I've been tinkering with LLMs since the GPT-3 API's release May 2020. And in the early days I didn't feel the need for external libraries/frameworks — it seemed straightforward with mostly HTTP calls and simple prompting.


But as the field evolved, new techniques were introduced — such as agents with tools, advanced RAG pipelines and function calling to name a few — and I found myself increasingly doing undifferentiated heavy lifting.


A significant chunk of my time was consumed by tasks like parsing strings to determine which tool the LLM selected and with what parameters, handling potential cases where the LLM passed the wrong parameters, parsing text-based HTTP streams to extract structured output, handling with back-pressure and cancellation in streams, creating robust observability and measures for troubleshooting agent runs.


It was a ton of undifferentiated work that felt boring doing the every single time in a new project. Around March I realized that using a framework would help. Yet, and to my surprise, existing LLM frameworks seemed to focus elsewhere — offering pre-made prompts, adaptors to vector databases, ready-to-use tools, and data ingestion solutions. While these features are good for beginners, they weren't addressing my needs. This is when I started to think about RΞASON.


RΞASON...?

RΞASON is a minimalistic backend open-source Typescript framework for building great LLM apps.


I had three goals in mind when creating it:


  • Only do the undifferentiated heavy lifting. No pre-made prompts or pre-made agents, no vector DBs integrations, etc. That's all up to the developer.
  • Push to the actual limit the API design in order to create the absolute best experience for a Typescript AI engineer. As you see below, RΞASON has a extremely unique design.

RΞASON's unique design

RΞASON interops with your code itself. For instance, check out how you'd get structured output in RΞASON:



You create a normal TS interface describing what you want and just pass that as a generic to the reason() function. RΞASON then uses that interface to inform the LLM what object to return. This feels like magic.

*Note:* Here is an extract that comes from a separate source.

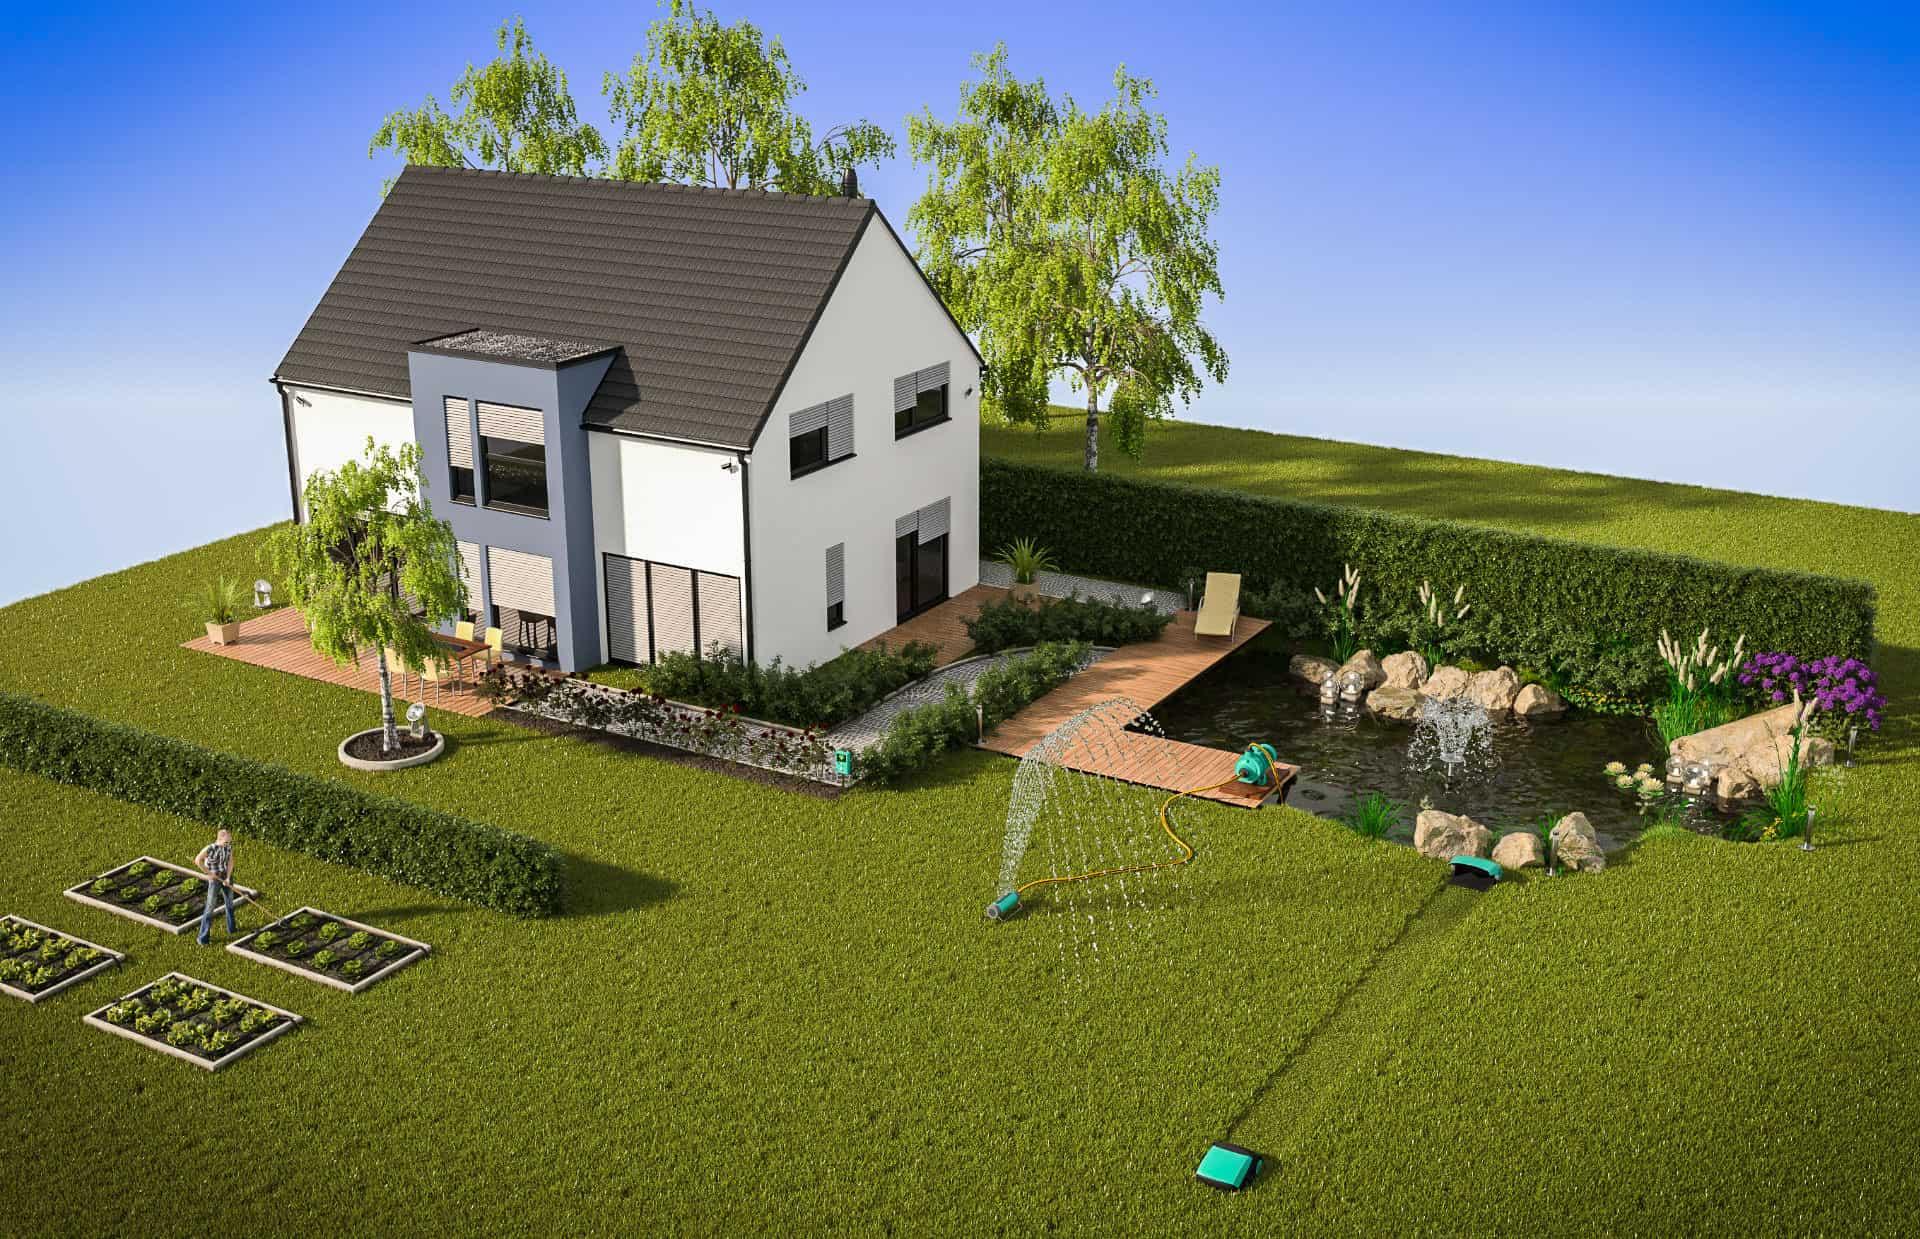 Smart Garden / Baumarkt

import { reason } from 'tryreason' interface Joke { /** Use this property to indicate the age rating of the joke */ rating: number; joke: string; /** Use this property to explain the joke to those who did not understood it */ explanation: string; } const joke = await reason<Joke>('tell me a really spicy joke') // `joke` will be: { "joke": "I'd tell you a chemistry joke but I know I wouldn't get a reaction.", "rating": 18, "explanation": "This joke is a play on words. The term 'reaction' refers to both a chemical process and a response from someone. The humor comes from the double meaning, implying that the joke might not be funny enough to elicit a response." }

RΞASON also uses the JSDoc comments as the prompt for each property.


Another example of RΞASON interoping with your code is when creating an agent.


Outcome

To be honest, I'm pretty happy with the API design of RΞASON. There are some questionable choices I made — such as RΞASON being also a HTTP server lol —, however, the core design of using interface & JSDoc comments, to me, feels like magic (and in a good way!).


My number one goal was to create the absolute best experience possible for a Typescript AI engineer. And, honestly, I considered that I achieved that.


For LLM frameworks that actually want to grow in terms of adoption though, I'm not sure using RΞASON's design is a good tradeoff because you immediatly lose the JS market & gain the requirement of needing a compiler/transpiler.


Maybe an already established framework like Next.js could make the tradeoff. But that's reserved to only a few players in the space.




Going back to the original question though: why did I create another LLM framework?


While I did set some goals, my main motivation was fun & curiosity, basically. Yeah.